#### [Exercise instructions]
Only the pictures should be left out; write out all other data exactly.

-- Supplied information follows --

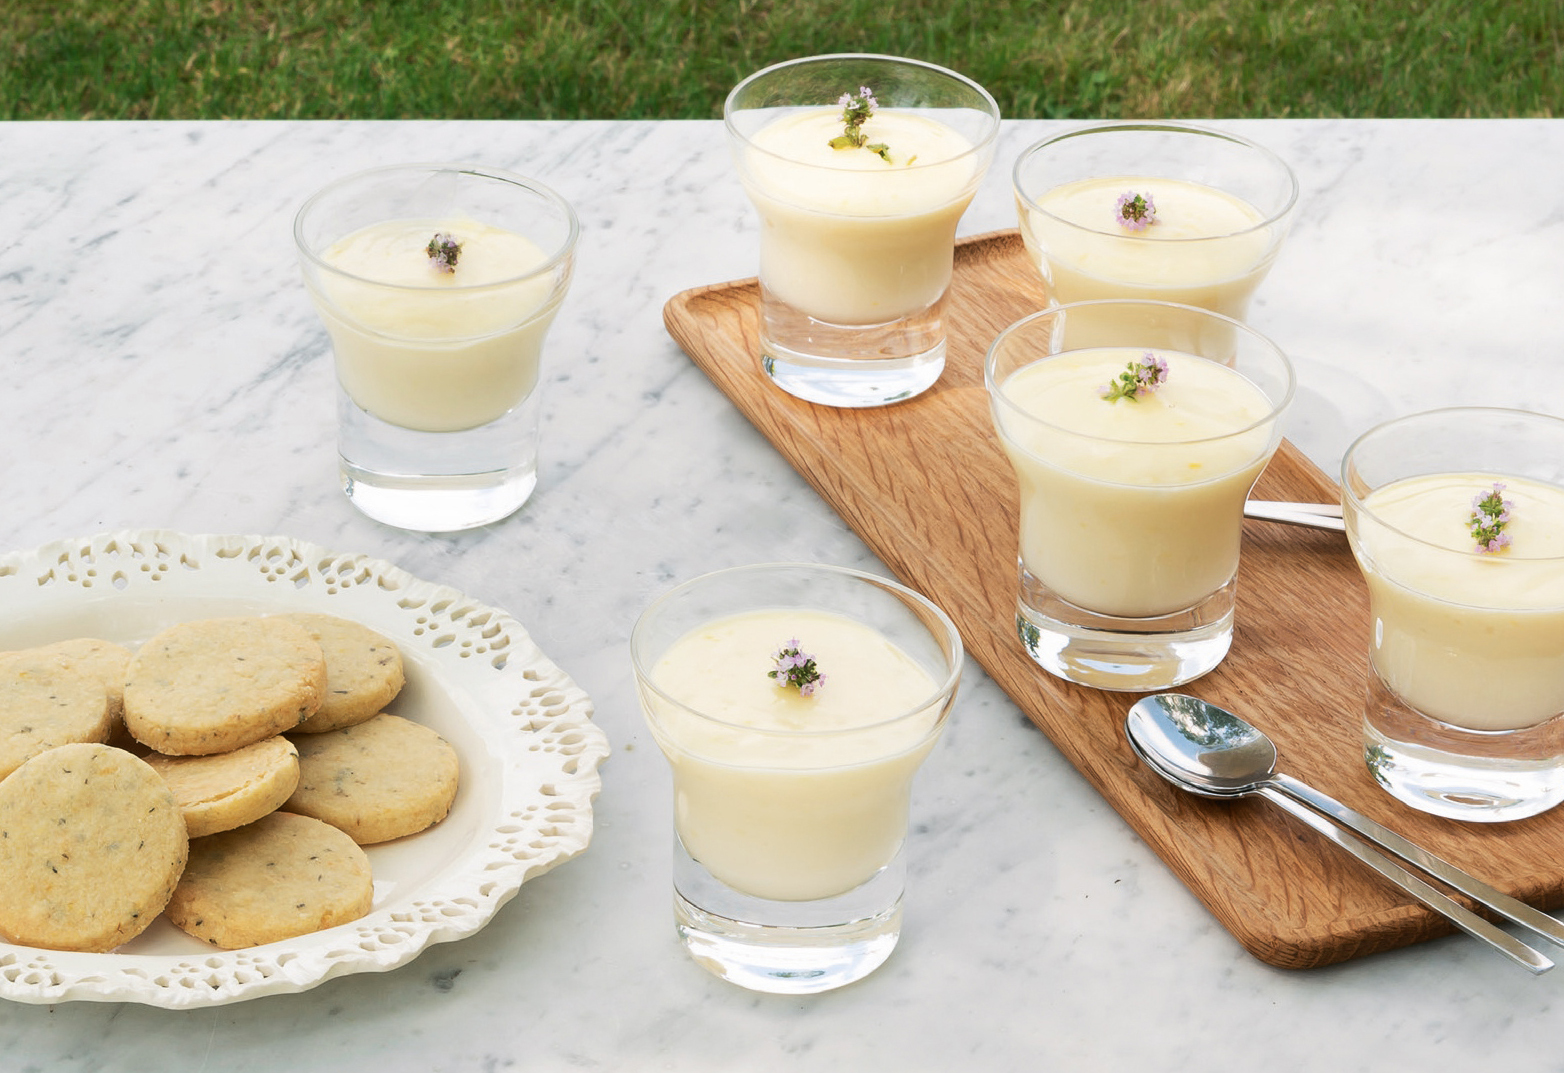 Lemon posset with thyme shortbread. Photography by Gilbert McCarragher
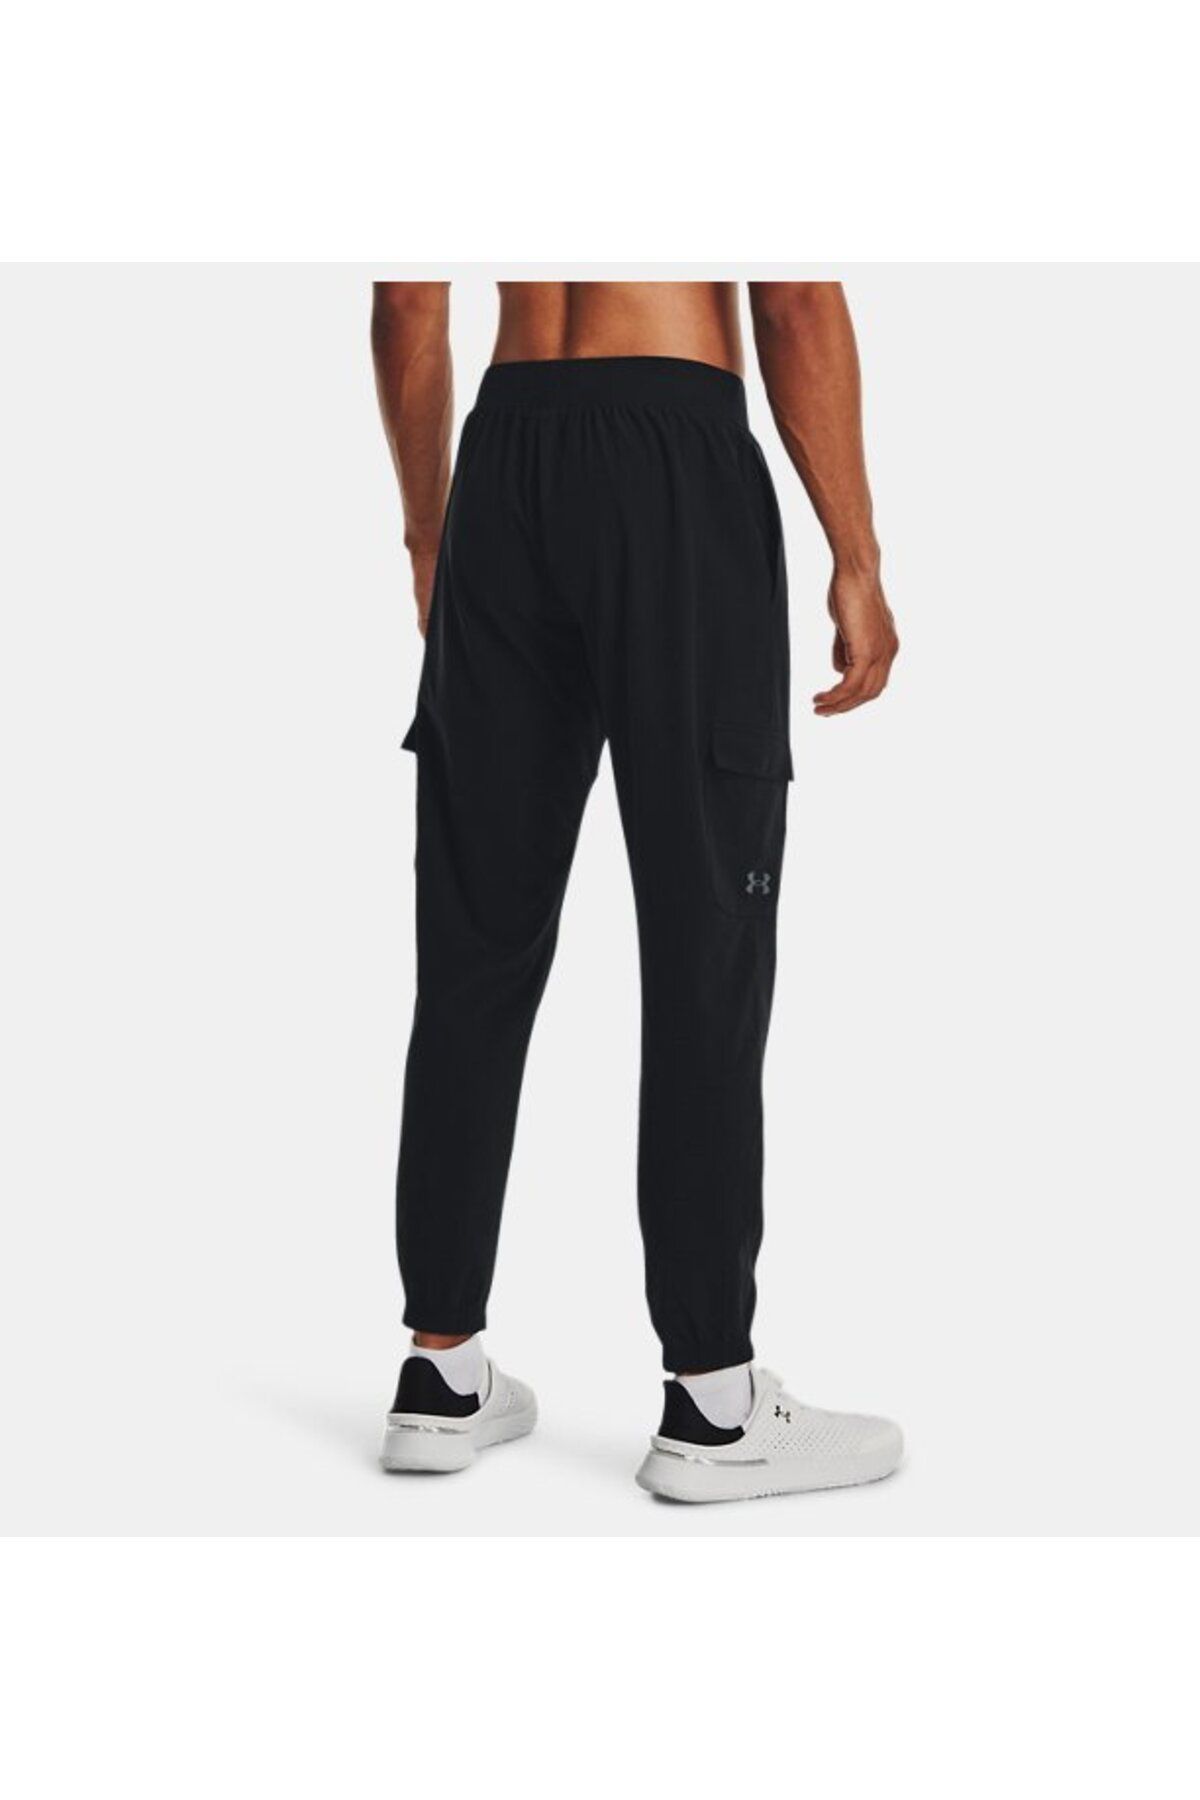 Under Armour Men's Stretch Woven Joggers
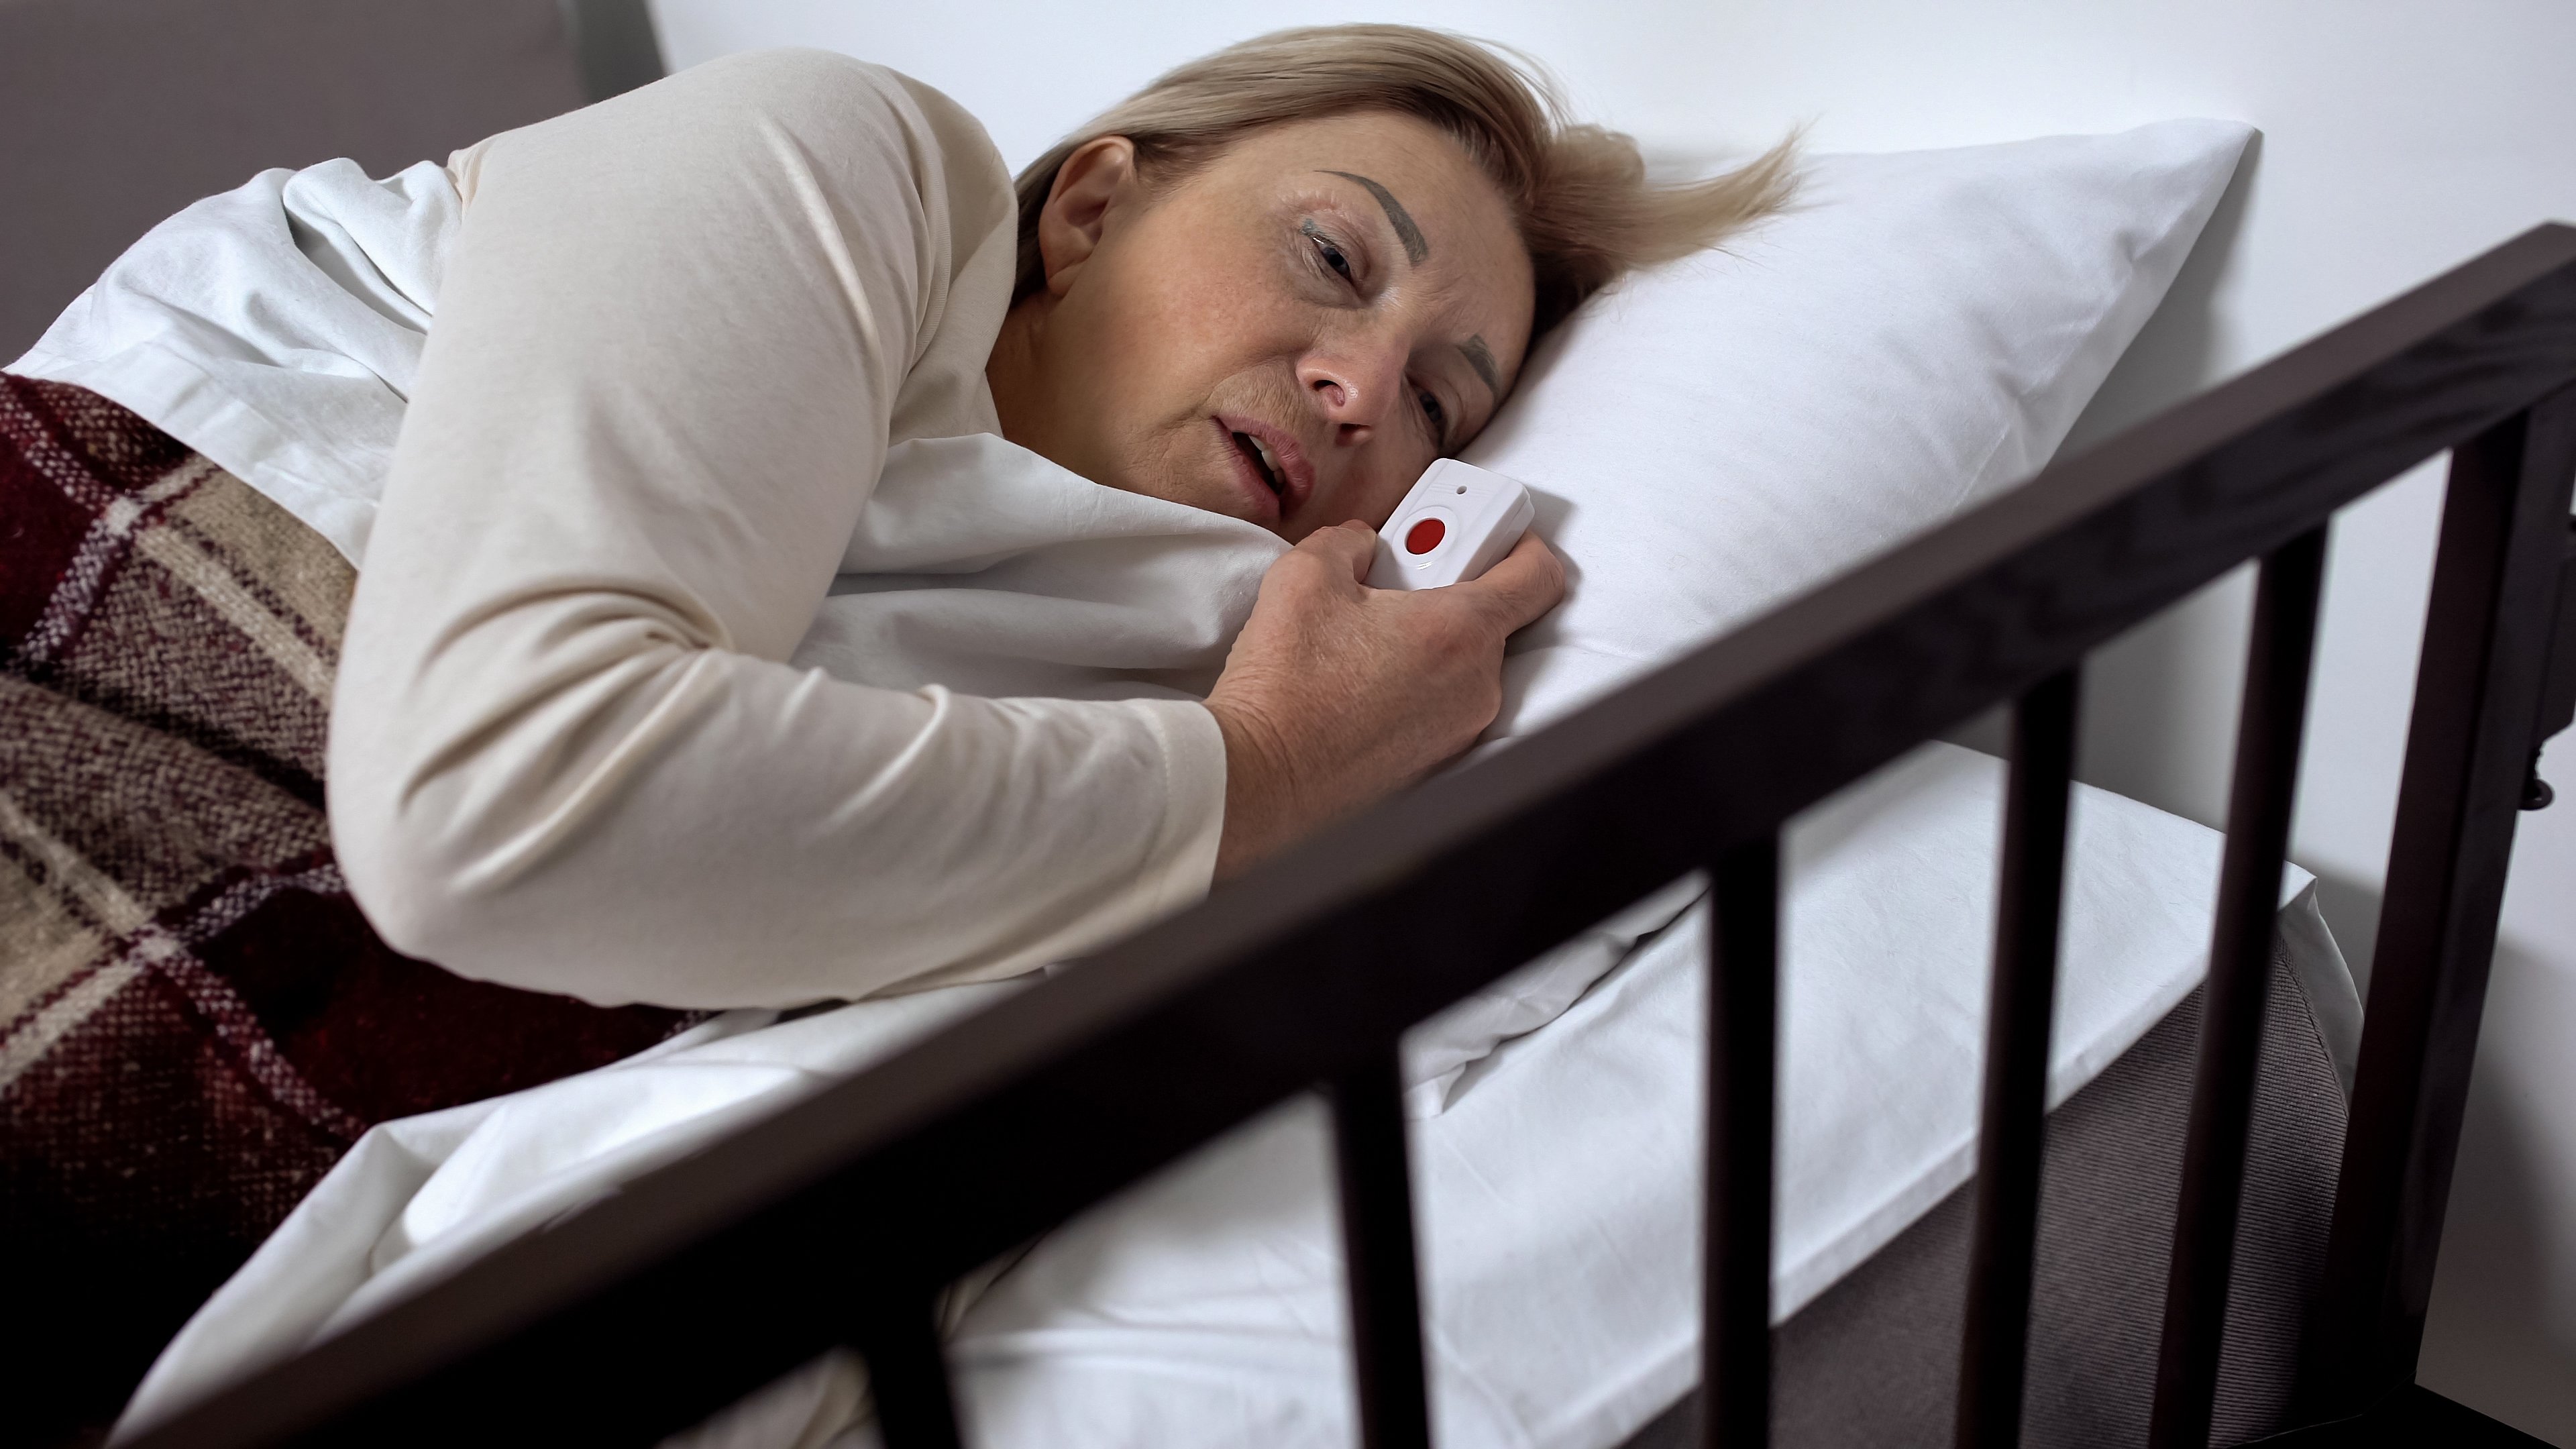 Woman lying in hospital bed holding call button
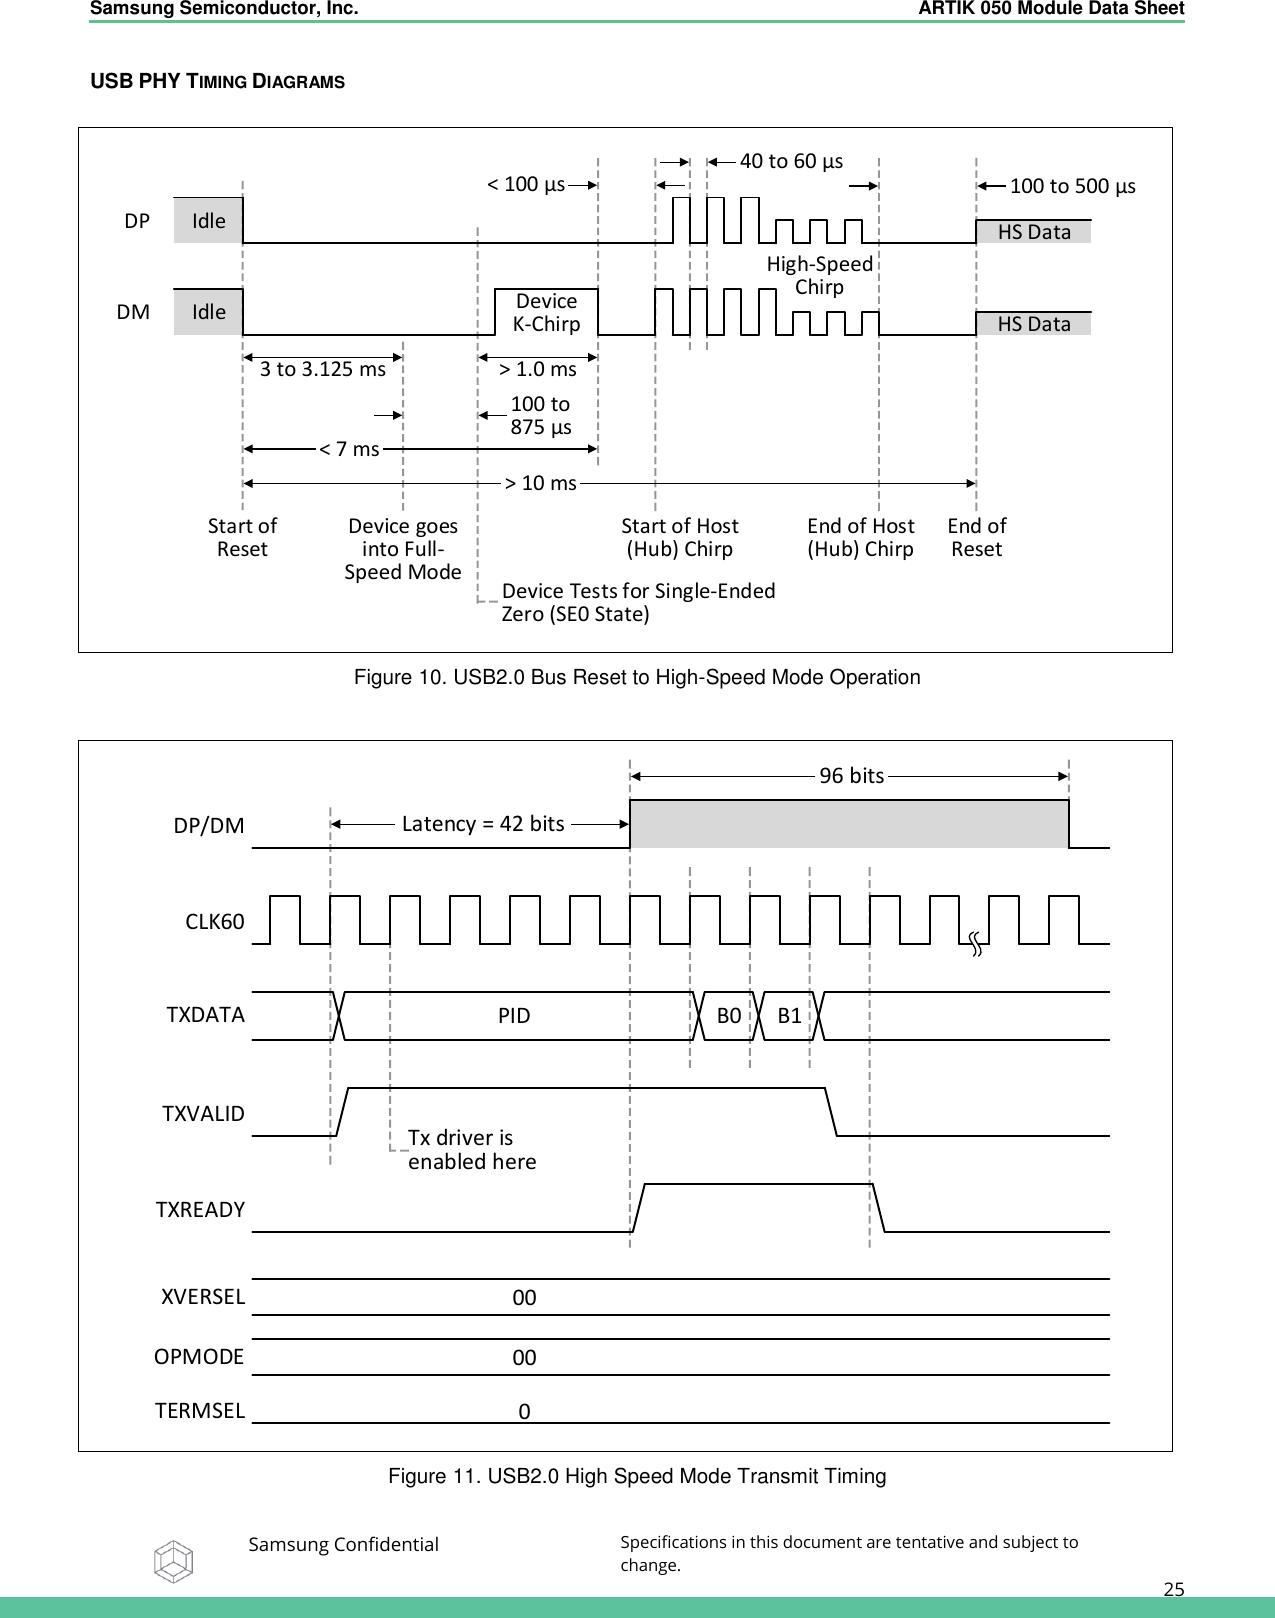 Samsung Semiconductor, Inc.  ARTIK 050 Module Data Sheet   Samsung Confidential Specifications in this document are tentative and subject to change.  25 USB PHY TIMING DIAGRAMS   Figure 10. USB2.0 Bus Reset to High-Speed Mode Operation   Figure 11. USB2.0 High Speed Mode Transmit Timing DM        IdleDP        Idle&lt; 100 µs 40 to 60 µs100 to 500 µsHS DataHS Data&gt; 1.0 ms3 to 3.125 msDeviceK-Chirp100 to875 µs&lt; 7 ms&gt; 10 msStart of ResetDevice goes into Full-Speed ModeStart of Host (Hub) ChirpDevice Tests for Single-Ended Zero (SE0 State)End of Host (Hub) ChirpEnd of ResetHigh-Speed ChirpCLK60TXDATADP/DMTXVALIDTXREADYXVERSELOPMODETERMSEL00000B0 B1PIDLatency = 42 bits96 bitsTx driver is enabled here

-- Supplied information concluded --

#### [Result below]
 Lemon posset with thyme shortbread. Photography by Gilbert McCarragher
 Under Armour Men's Stretch Woven Joggers
 Woman lying in hospital bed holding call button
 Samsung Semiconductor, Inc.  ARTIK 050 Module Data Sheet   Samsung Confidential Specifications in this document are tentative and subject to change.  25 USB PHY TIMING DIAGRAMS   Figure 10. USB2.0 Bus Reset to High-Speed Mode Operation   Figure 11. USB2.0 High Speed Mode Transmit Timing DM        IdleDP        Idle&lt; 100 µs 40 to 60 µs100 to 500 µsHS DataHS Data&gt; 1.0 ms3 to 3.125 msDeviceK-Chirp100 to875 µs&lt; 7 ms&gt; 10 msStart of ResetDevice goes into Full-Speed ModeStart of Host (Hub) ChirpDevice Tests for Single-Ended Zero (SE0 State)End of Host (Hub) ChirpEnd of ResetHigh-Speed ChirpCLK60TXDATADP/DMTXVALIDTXREADYXVERSELOPMODETERMSEL00000B0 B1PIDLatency = 42 bits96 bitsTx driver is enabled here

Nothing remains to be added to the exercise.